> **Directions for this task**
An exact copy of the lines of the listing below between the "Sách mở trên" line and the "Carte de Poltava" line, both included, is the whole answer; please omit the pictures.

> **Supplied entries**
====

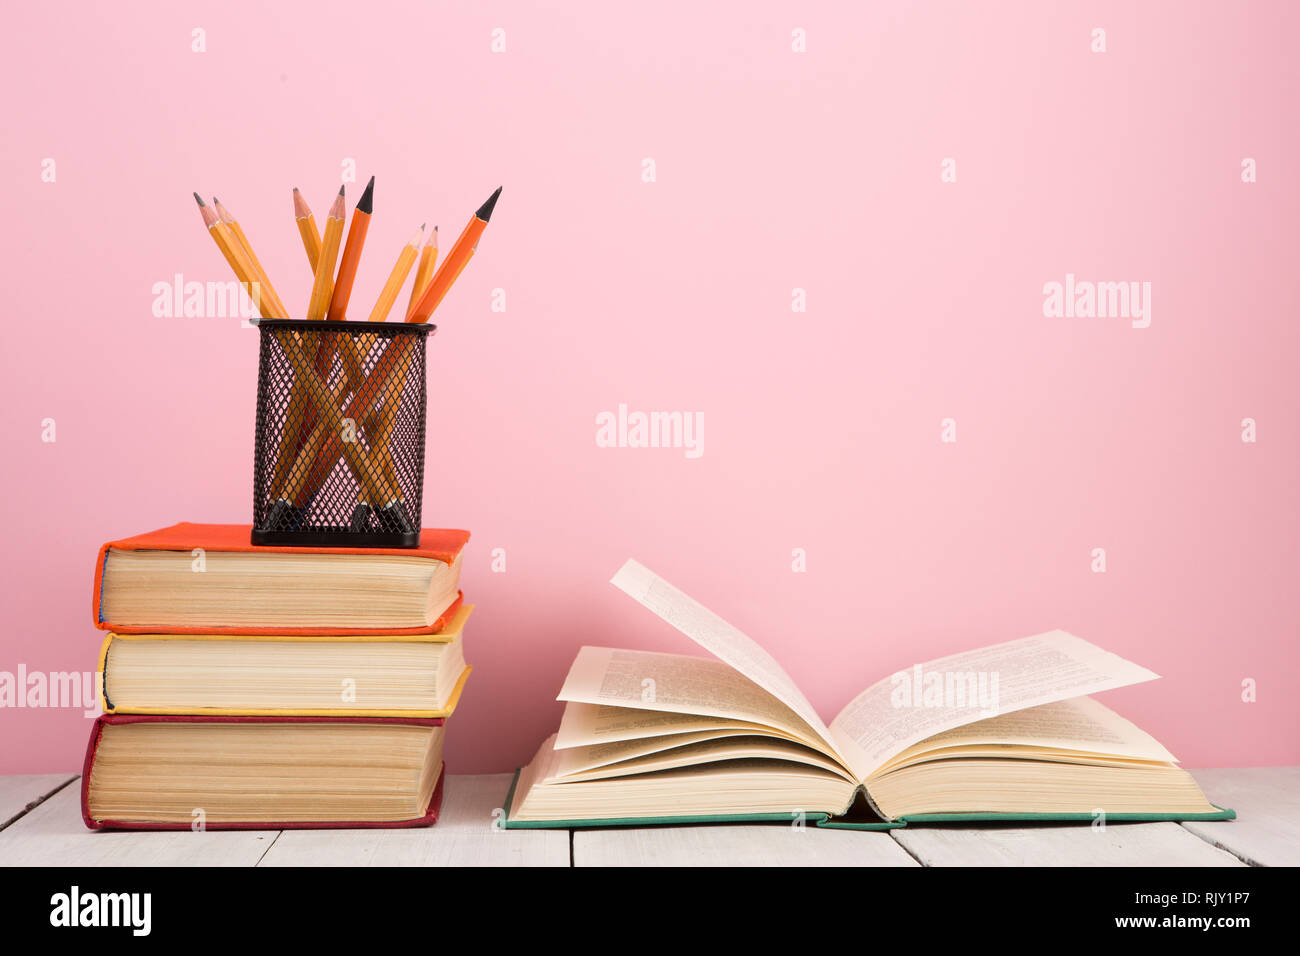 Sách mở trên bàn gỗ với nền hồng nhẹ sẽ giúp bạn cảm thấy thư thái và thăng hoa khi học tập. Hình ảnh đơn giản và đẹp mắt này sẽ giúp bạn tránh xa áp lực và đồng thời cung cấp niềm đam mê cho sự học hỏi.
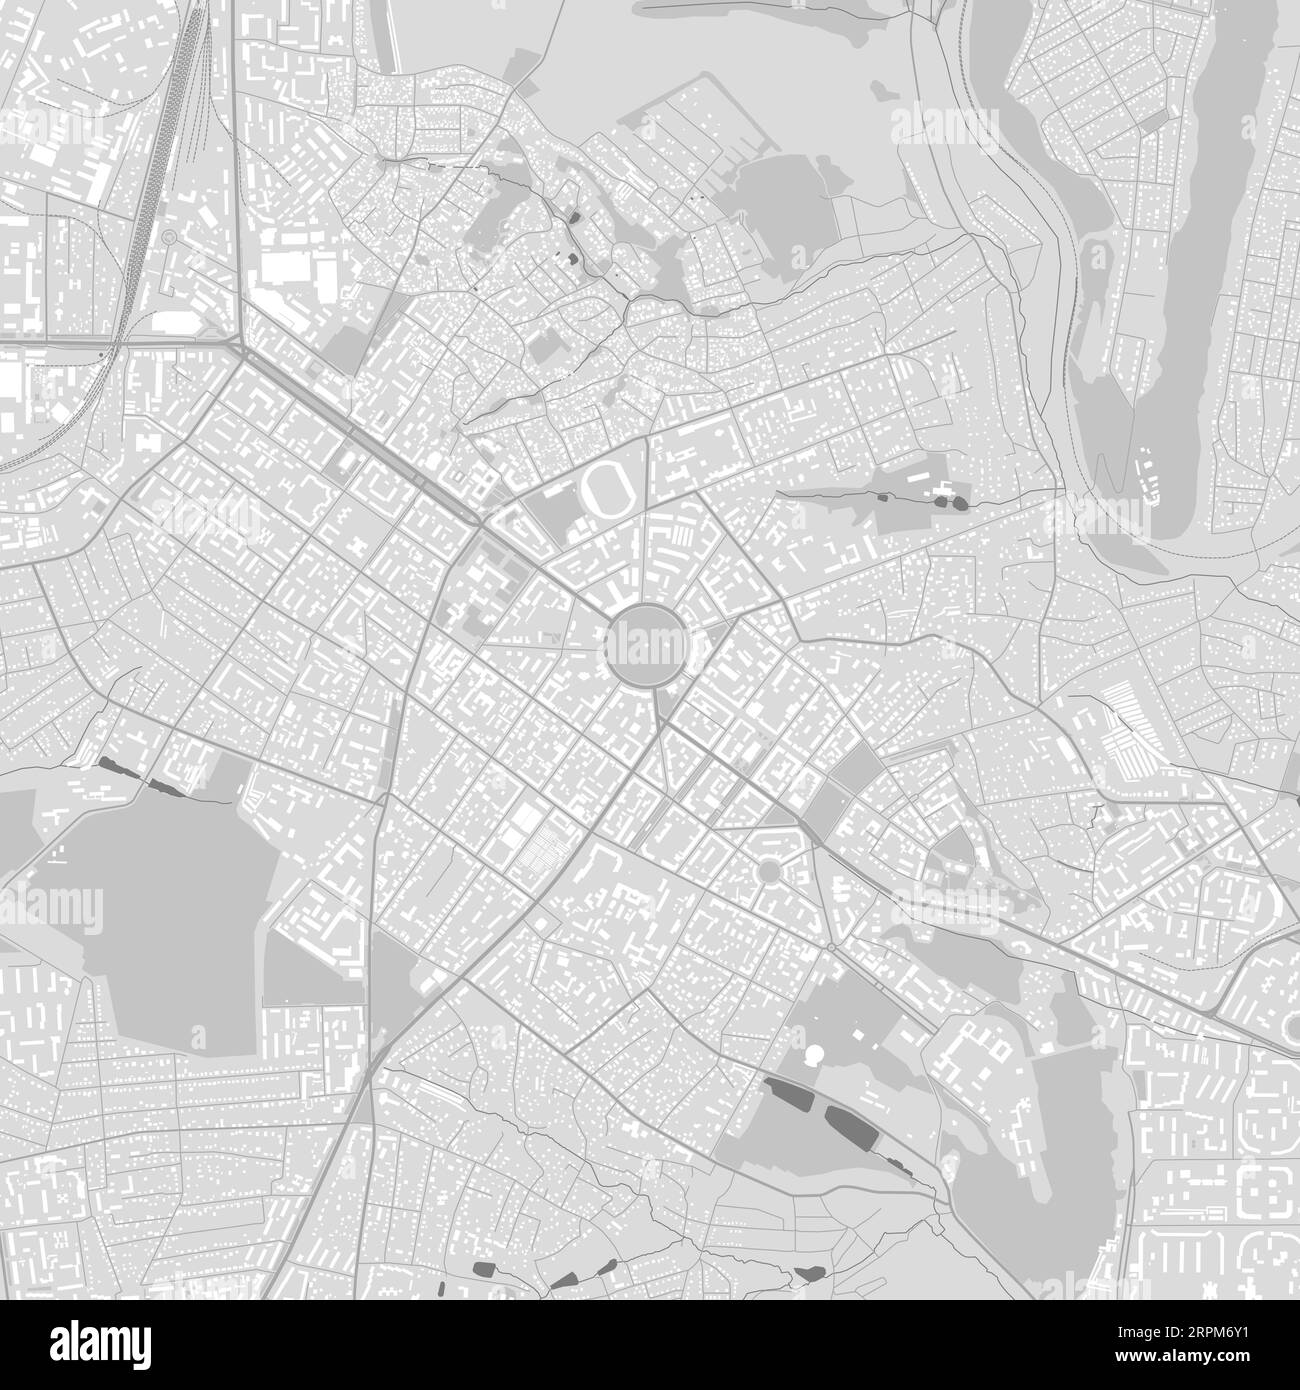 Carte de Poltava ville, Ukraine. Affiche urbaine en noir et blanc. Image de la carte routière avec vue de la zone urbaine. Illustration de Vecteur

====

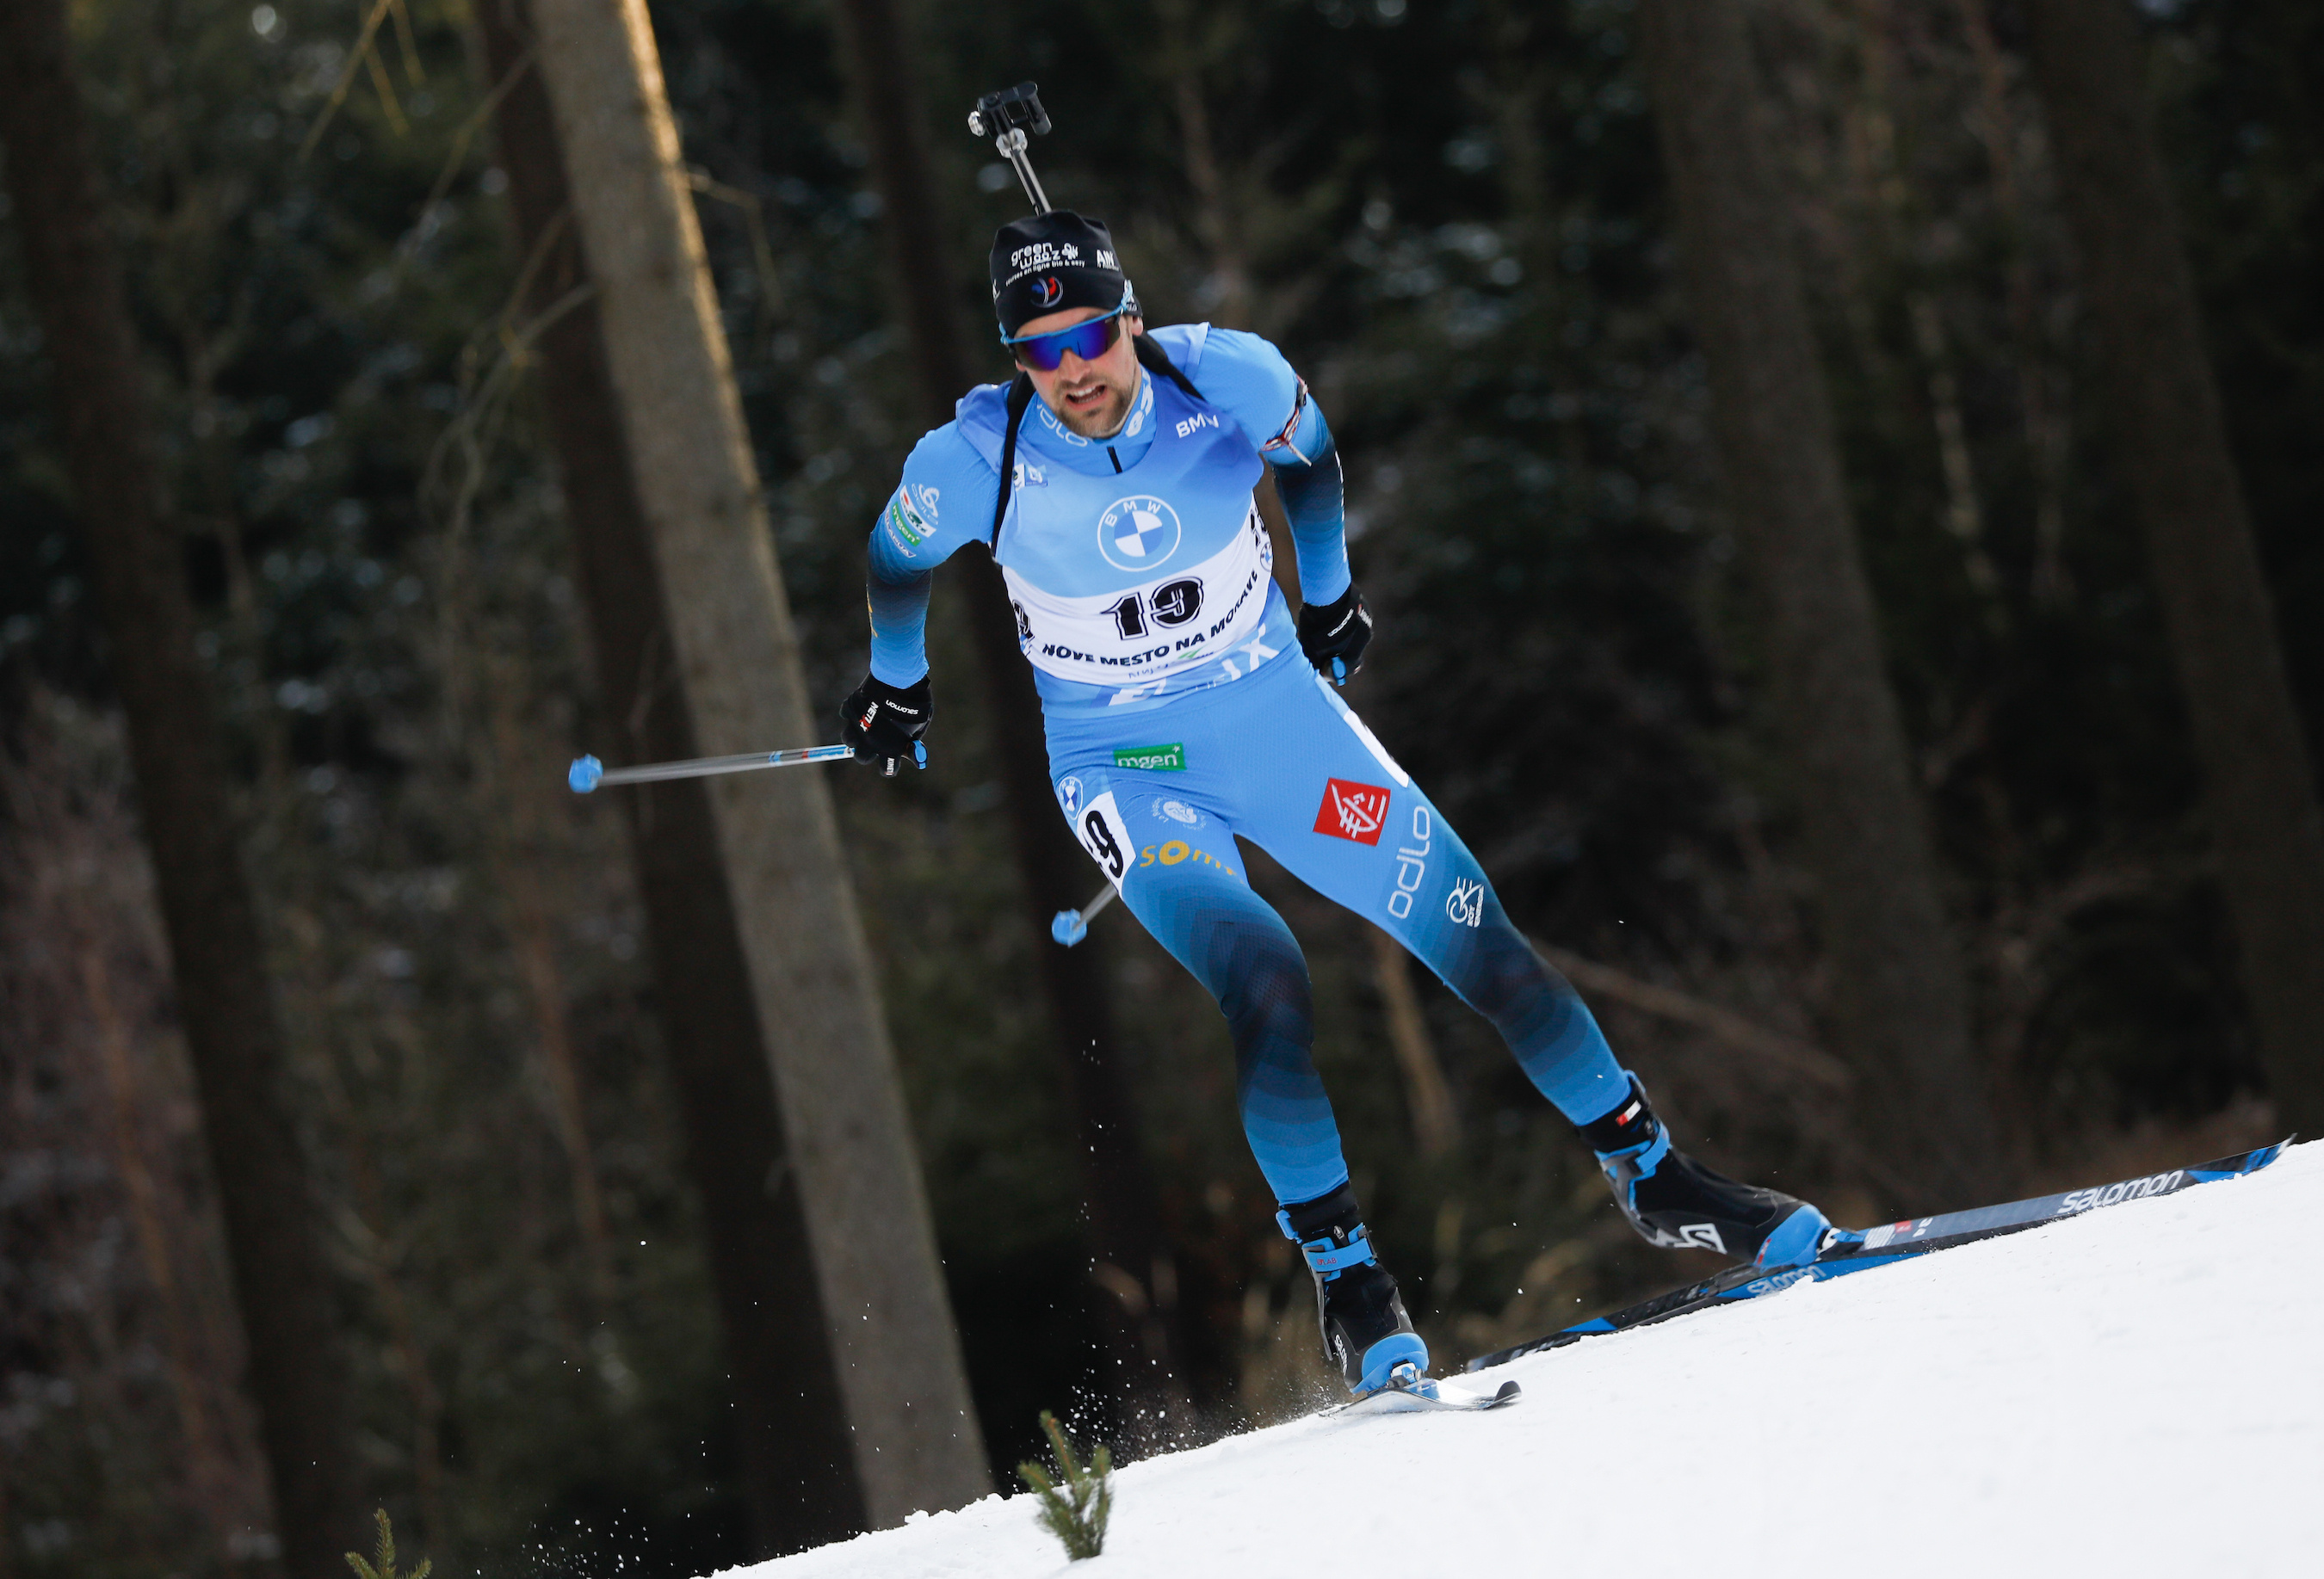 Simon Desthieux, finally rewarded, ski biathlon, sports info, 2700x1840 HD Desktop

====

> **Answer space**
 Sách mở trên bàn gỗ với nền hồng nhẹ sẽ giúp bạn cảm thấy thư thái và thăng hoa khi học tập. Hình ảnh đơn giản và đẹp mắt này sẽ giúp bạn tránh xa áp lực và đồng thời cung cấp niềm đam mê cho sự học hỏi.
 Carte de Poltava ville, Ukraine. Affiche urbaine en noir et blanc. Image de la carte routière avec vue de la zone urbaine. Illustration de Vecteur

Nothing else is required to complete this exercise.